In the adaptation, however, voice over is frowned upon—the common wisdom is to show, not tell. Because of this, reported backstory is instead usually depicted firsthand within the action of the film. In a case like “Sonnie’s Edge”,simply telling the audience that a character was assaulted, instead of dramatizing the event, comes off as disingenuous. At worst, these character details seem like quick cheats: insensitive and exploitative when not handled with appropriate care.
Such a disconnect between what works in prose science fiction and what works for the screen then pervades the remaining episodes—sometimes less so, and sometimes just as badly. The most impressively animated short, “The Witness”, avoids the disconnect entirely as it is an original work for the screen by Alberto Mielgo, whose style of “motionography” blends the real and the comic-book-like nothing else.
The trade-off in “The Witness”, then, is that the narrative is pat and unimaginative. But this sleazy and amazingly designed short is also closer to the Heavy Metal of it all, because the Heavy Metal comics were so often great artistic presentations—much more than they were great works of speculative fiction.
One of the better shorts, “The Witness” still plays around with familiar visual motifs and tropes of Heavy Metal wannabes. Gratuitous nudity, an obsession with sex work, and graphic sexist violence is par for the course in visual science fiction, unfortunately. As the series goes on, so too are down-home ranchers in mechs, robots pondering their strange human creators, and werewolf power fantasies.
It brings to mind the funny delay effect between sci-fi in print and sci-fi on screen; most of the show feels like it comes from the turn of the millennium. I’m not going to complain about that, as some of this is my jam, but it also means that there’s not a whole lot new for gamers, comics readers, or just general sci-fi buffs. The ‘wow’ comes in the technical presentation of these well-worn tropes, not the ideas themselves.
There is quite a wow. Whether as a cartoon, or photoreal, or with CGI models painted to look like 2D animation, every short has something interesting to see, though the aforementioned gamers and comics readers are likely to have seen it before.

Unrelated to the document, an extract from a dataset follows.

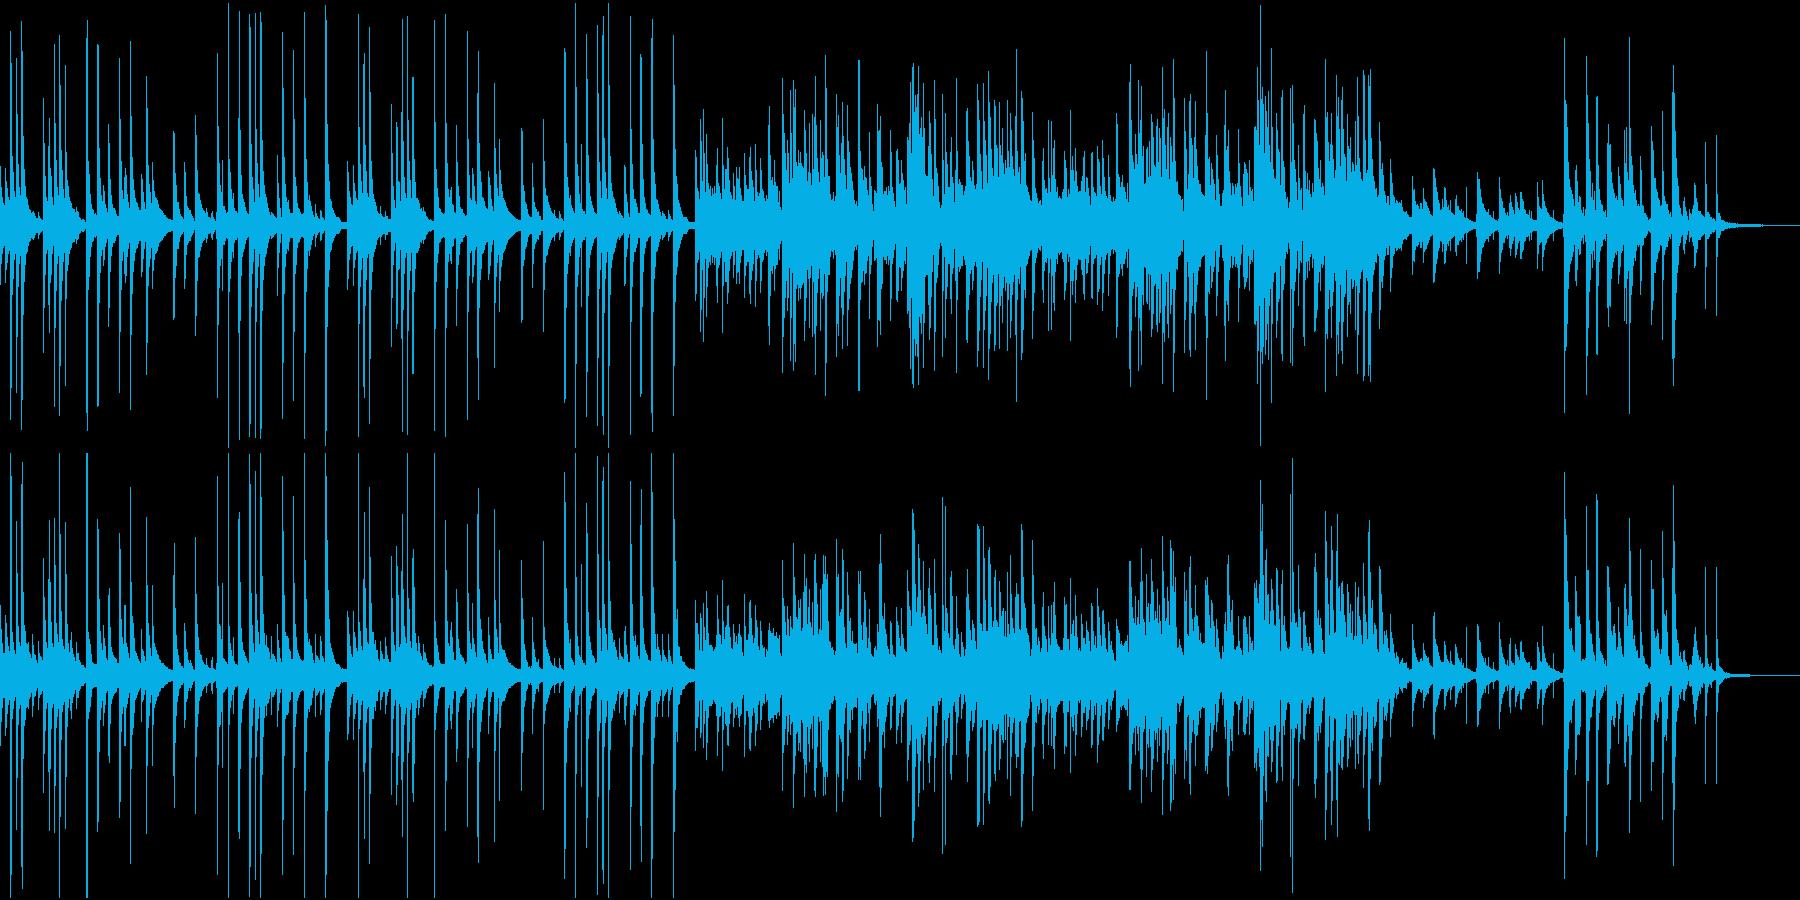 城下町のイメージの琴と太鼓の和風BGMの再生済みの波形

For the NSFW crowd, there’s plenty of blood, guts, gore, bare breasts and hanging dongs, if you are into that sort of thing.

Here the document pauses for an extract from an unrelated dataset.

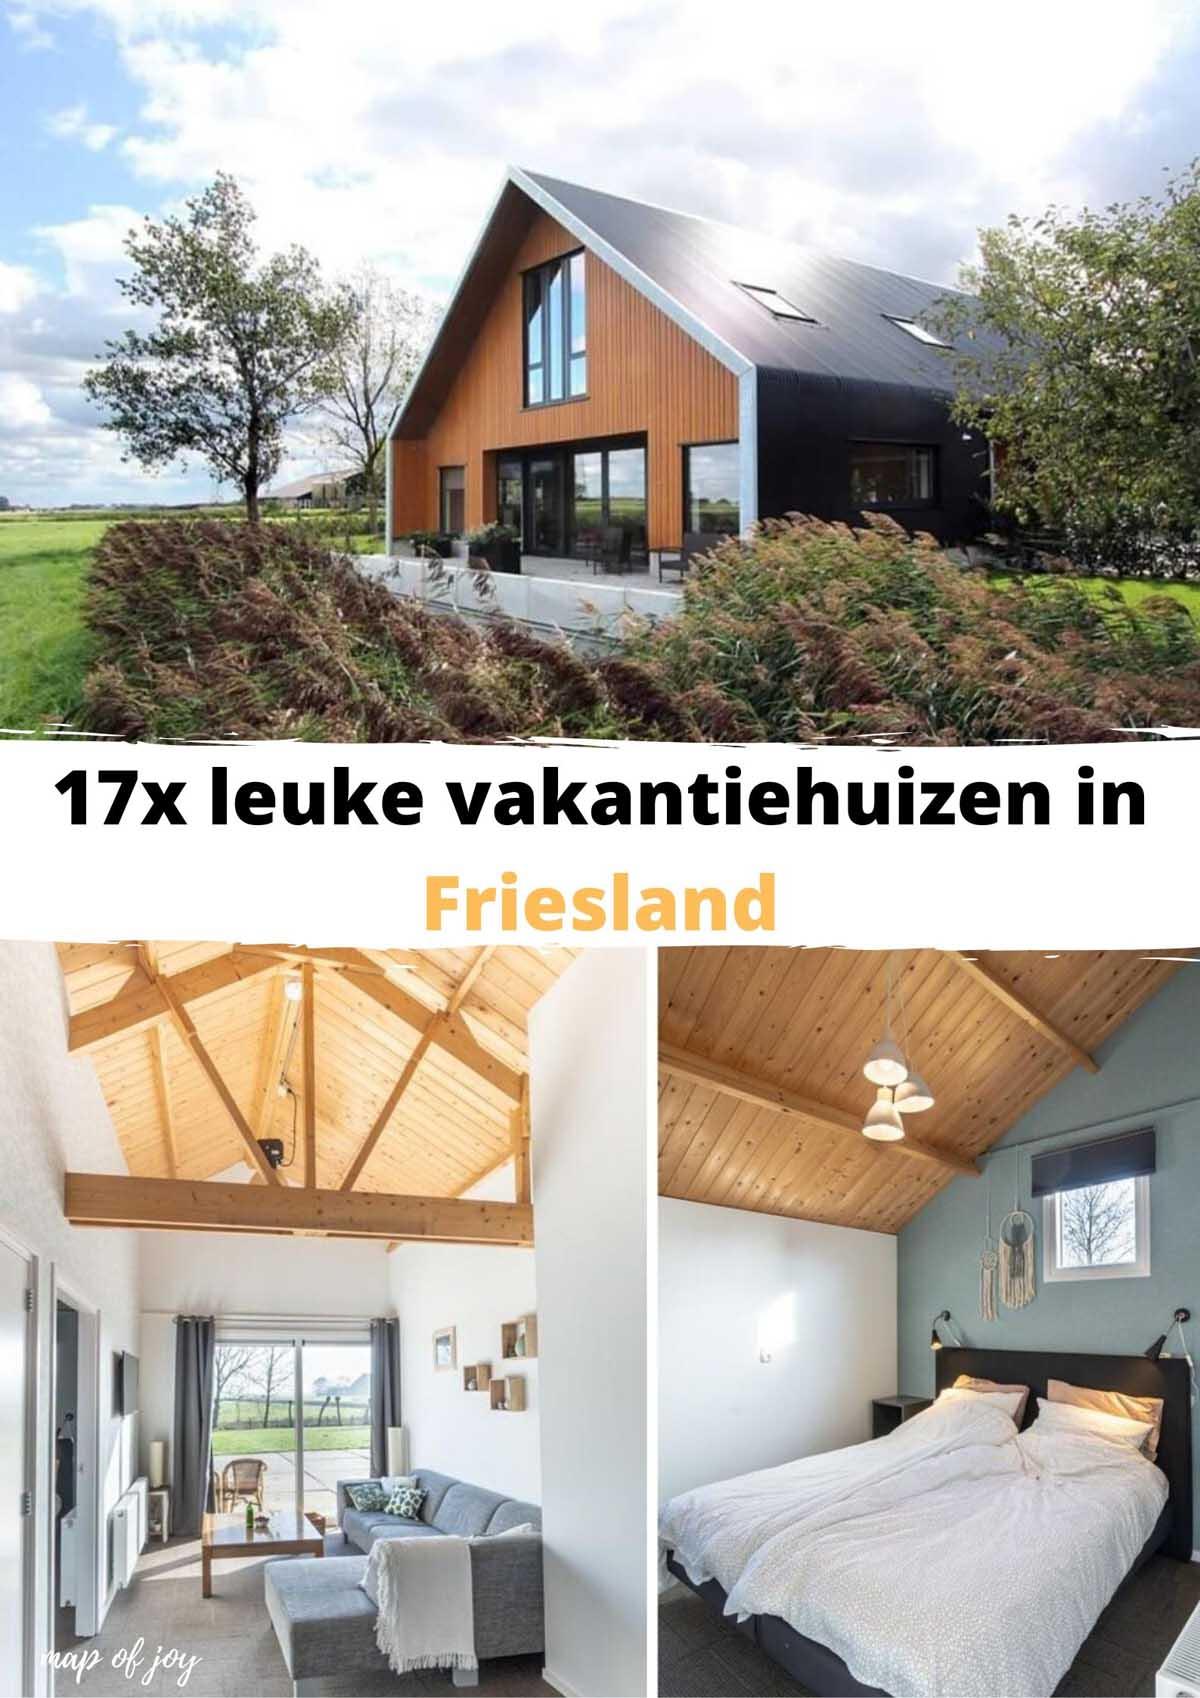 17x leuke vakantiehuizen in Friesland

I realize that this ended up sounding much more negative than I thought it would, and I do not mean to shit on the fantastic craft in Love, Death + Robots. It is just that—like so many other “almost there” Netflix shows—what is offered is really nothing that can’t be watched, played or read in a purer and more interesting form elsewhere.

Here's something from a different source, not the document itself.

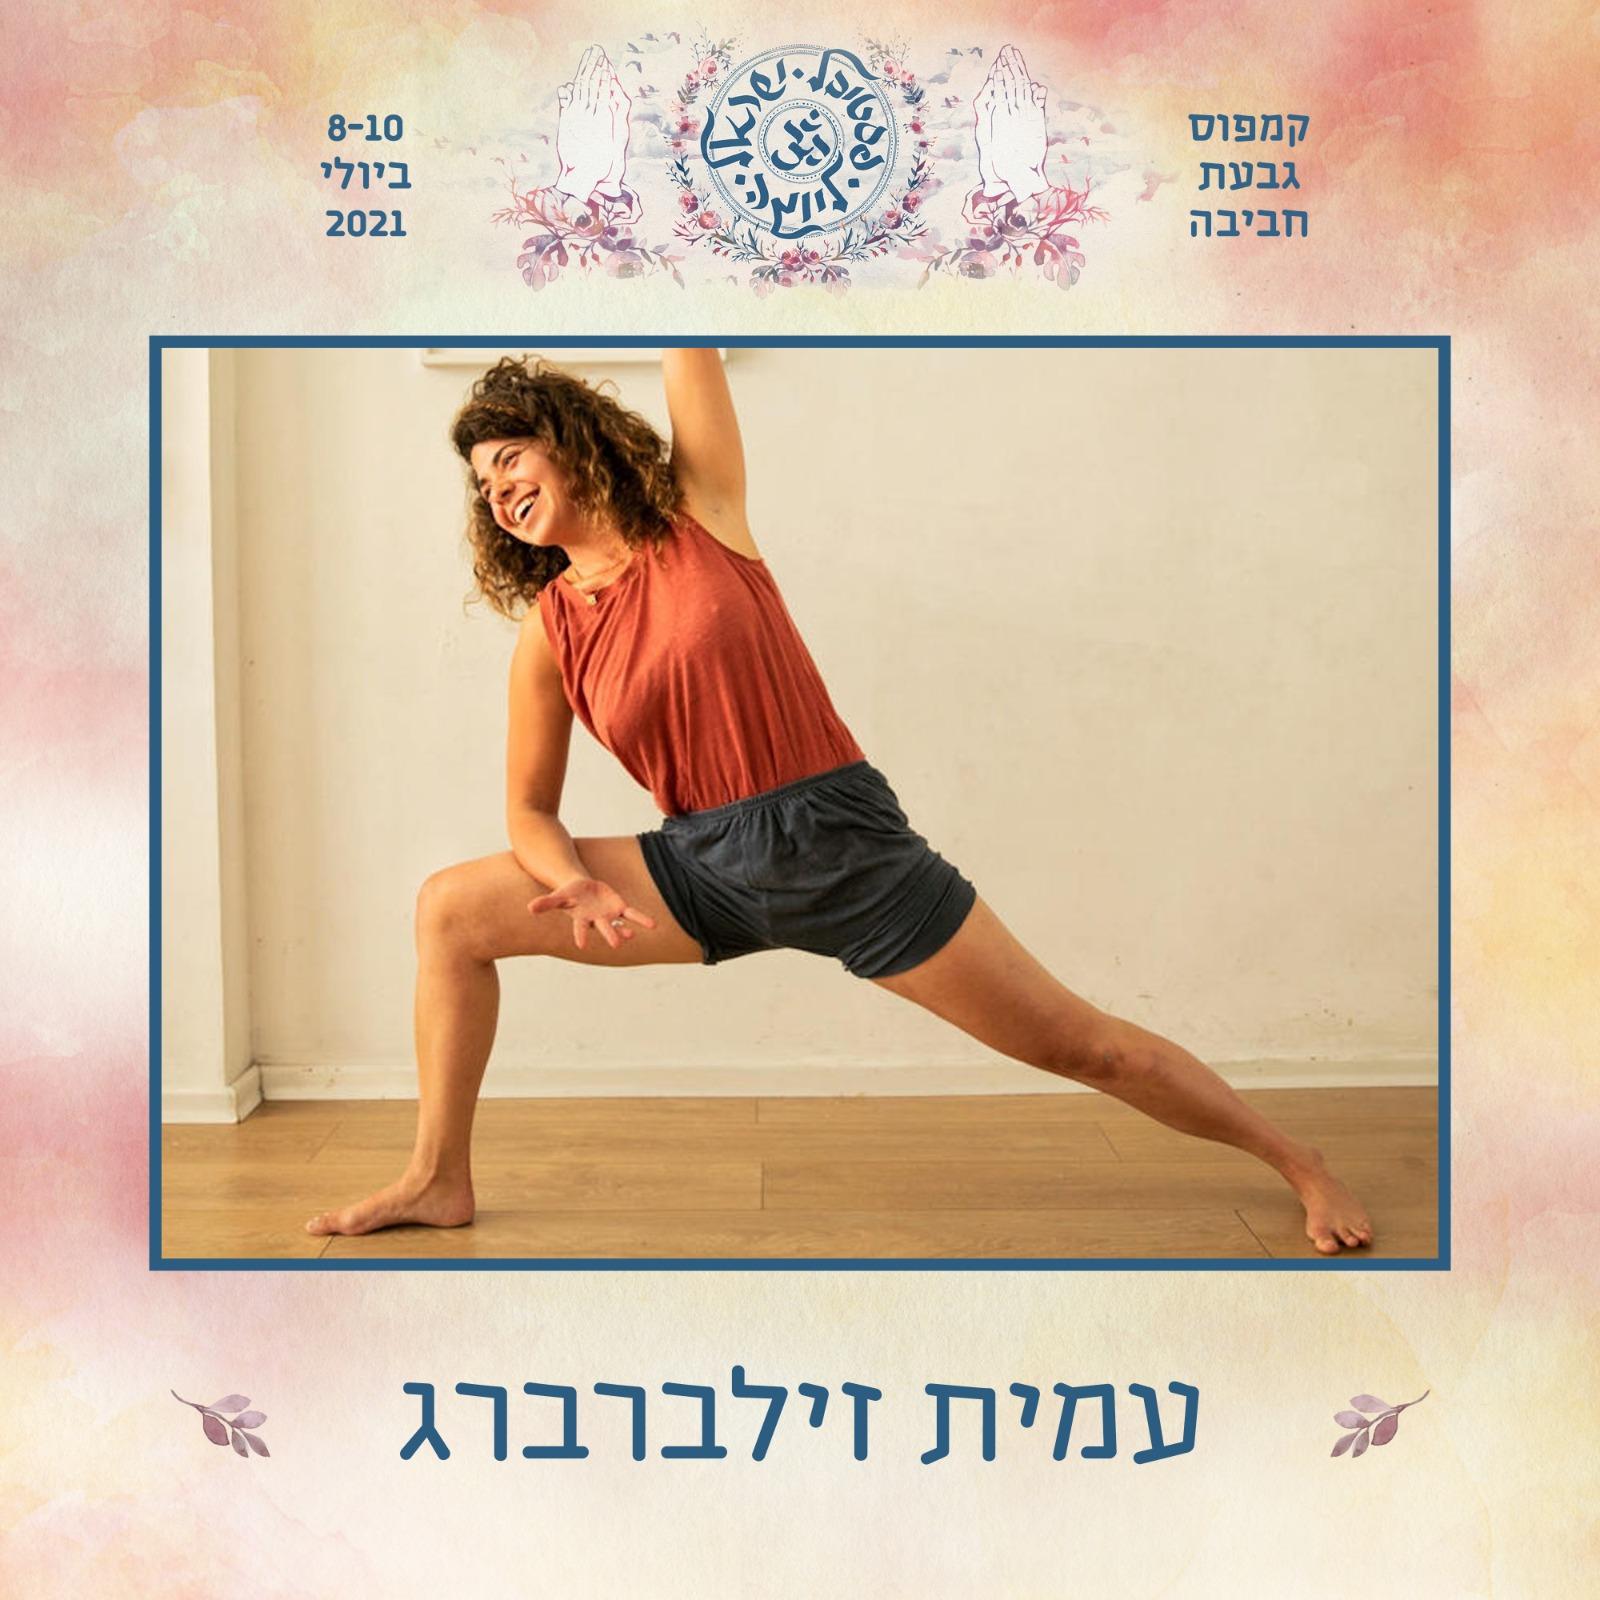 פסטיבל ישראל ליוגה - עמית זילברברג

After watching three-ish hours of cool science-fiction aesthetics, I can heartily recommend the show to viewers who don’t mind leaving their brain behind, even if they will forget that they saw it shortly afterwards. But if you’ve read the stories that these shorts are based on, you will probably feel too far ahead of the show to properly enjoy what it is doing.
Worse, if you are looking for something that takes advantage of the medium (instead of taking material from one medium and retrofitting it for another) you will not find it here. Consider that, in an anime, for example, this sort of entertainment is usually adapted from other visual media such as manga, rather than from prose fiction.
Back to the monkey’s paw illustration, though: just because one thing is done does not mean it cannot be improved upon. Love, Death + Robots will reach ten or a hundred times the people that the written stories it is based on ever will. If enough people pay attention, the market for science fiction television will still expand. Even if the show itself is a bit disappointing, it will not do any harm.